I do not think a further hearing in court, either with or without the petitioner, is necessary or practicable on the question of Smith’s mental competency now nearly seven years after his original hearing and sentence. In the absence of specific obviously unusual events tending to indicate, even to a layman, unsound mentality, legal criminal responsibility for acts is necessarily a problem for expert psychiatrists. In his present petition Smith does not allege any overt acts tending to indicate mental incompetency at or before his hearing. And it appears from the psychiatric examinations while in prison he on one or more occasions specifically denied any history of mental incompeteney, which was first indicated to the psychiatrists at Alcatraz in August 1958. The question is whether Smith in February 1955 was mentally incompetent. Now more than *950seven years later the District Attorney and his Assistant at that time, have been out of office for some years. Mr. Wolman, the court appointed attorney who represented Smith, is now an active practicing lawyer in Baltimore. He says he did not ask for a psychiatric examination for Smith because from his conferences with him there was nothing in the whole case to cause him to think there was any need for such a request. But quite apart from this and more importantly, it is the transcript of what occurred in court at the time that seems to me to conclusively show that the petitioner is not entitled to relief. This transcript is a record of the court and not something that has occurred outside of court either before or after sentence. It appears now that it would not be desirable from any point of view to bring the petitioner here from Springfield where he is obtaining the best possible psychiatric attention, and I can see nothing to be accomplished by a hearing in this case without the presence of the petitioner. See Machibroda v. United States, supra; Hill v. United States, 82 S.Ct. 468; United States v. McNicholas, Jan. 5, 1962 (4th Cir.), 298 F.2d 914.

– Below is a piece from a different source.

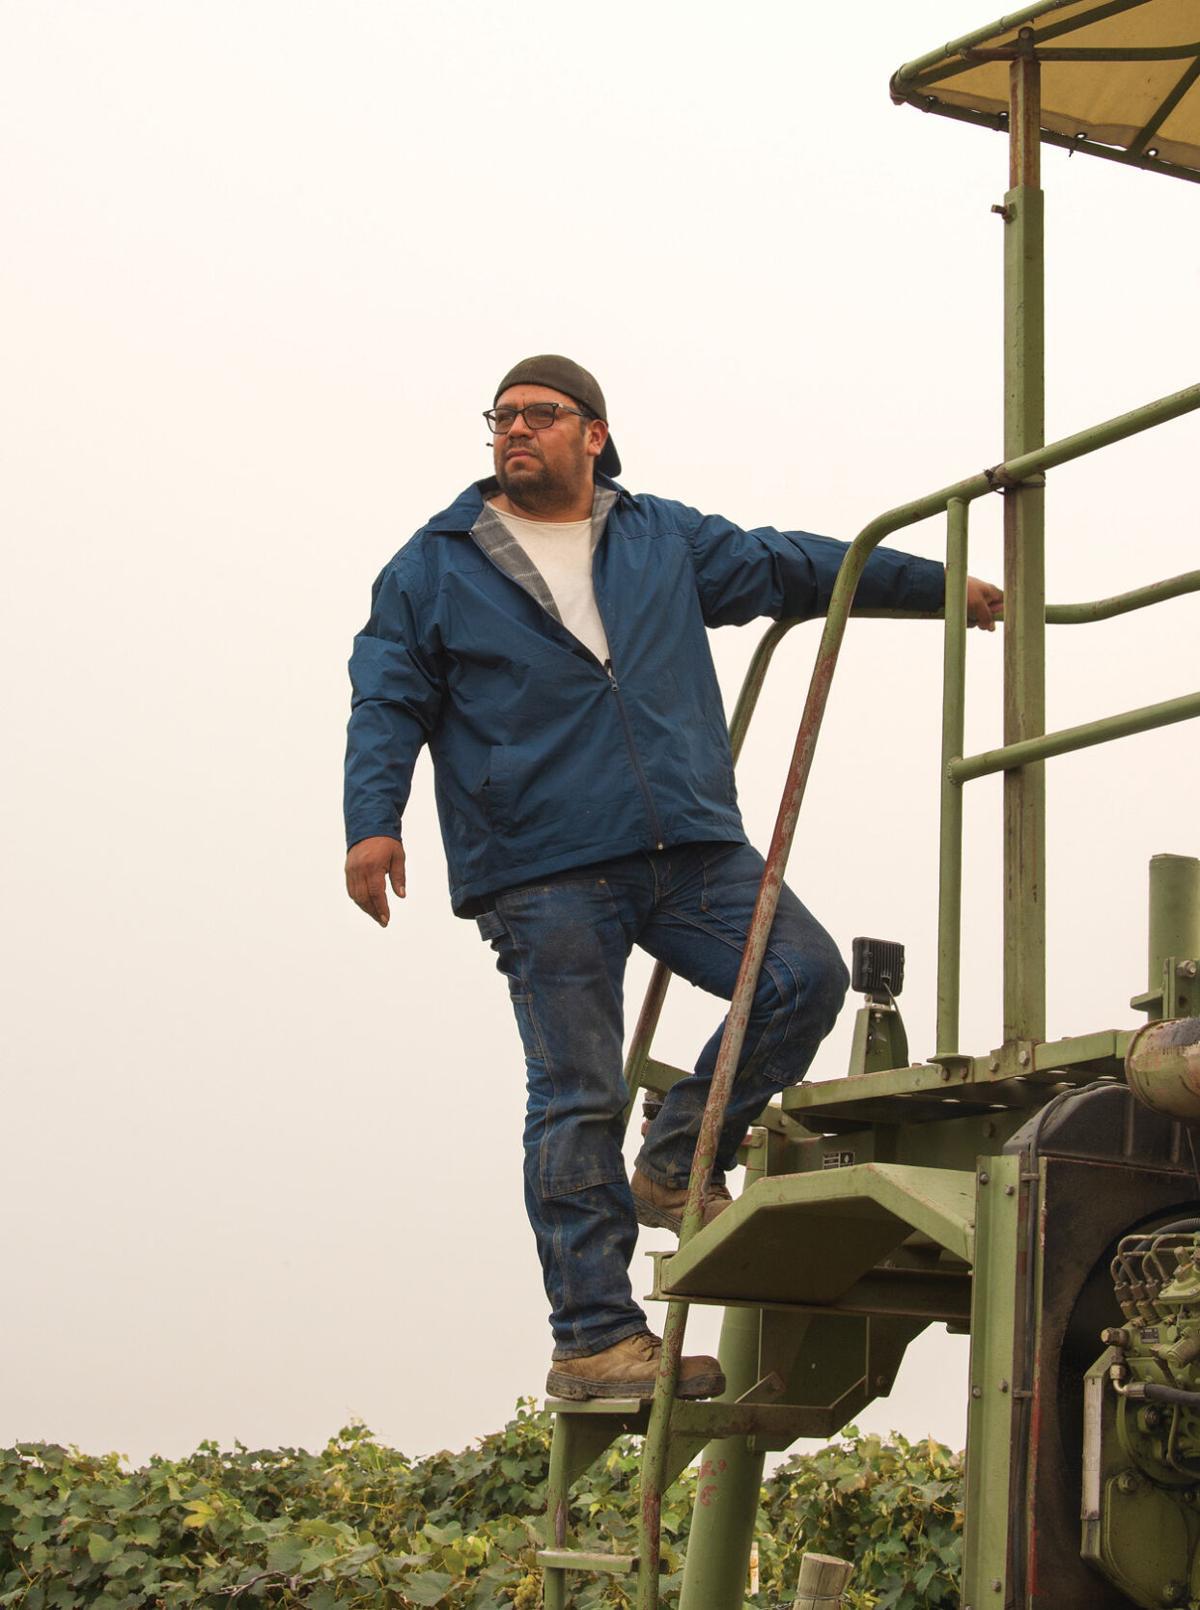 10_07 Leatherneck Farms Harvester Driver_MS_COPY_PWS9907.jpg

Of course the court learns with regret from the recent psychiatric reports that Smith is not now mentally competent; but it also appears that he is having the best and highest form of psychiatric care which can be furnished by the United States Government at its mental hospital at Springfield, Missouri. From the purely humanitarian aspect of the matter it seems quite clear that Smith would not be helped, but rather hurt, by any present change in the sentence by this court which would result in his release. But however that may be, this court must deal with the matter from the standpoint of what constitutes legal constitutional features of due process. The court has no proper function or power the commutation or change in the sentence except for properly applicable legal reasons. It appears from the classification report at Atlanta that the prisoner would first be possibly eligible for parole on February 5, 1964.

For these reasons I conclude that this third repetitive petition of Smith for vacation of sentence imposed February 7, 1955 should be and is hereby dismissed this 9th day of March 1962. The Clerk is instructed to send a copy of this order and opinion to the petitioner.

. The original of the transcript was filed with the Clerk on June 26, 1958, but as the record in the case of Smith has, twice been forwarded on appeal to the Fourth Circuit, and once at least to the Supreme Court of the United States, the Clerk of this court has not been able to locate it in his extensive file, but a record entry in 'the file shows that the transcript was actually specially filed with the Clerk on June 26, 1958. While the original transcript has not been located, the United States Attorney has located in his. file a carbon copy of the transcript which has now been filed with the Clerk.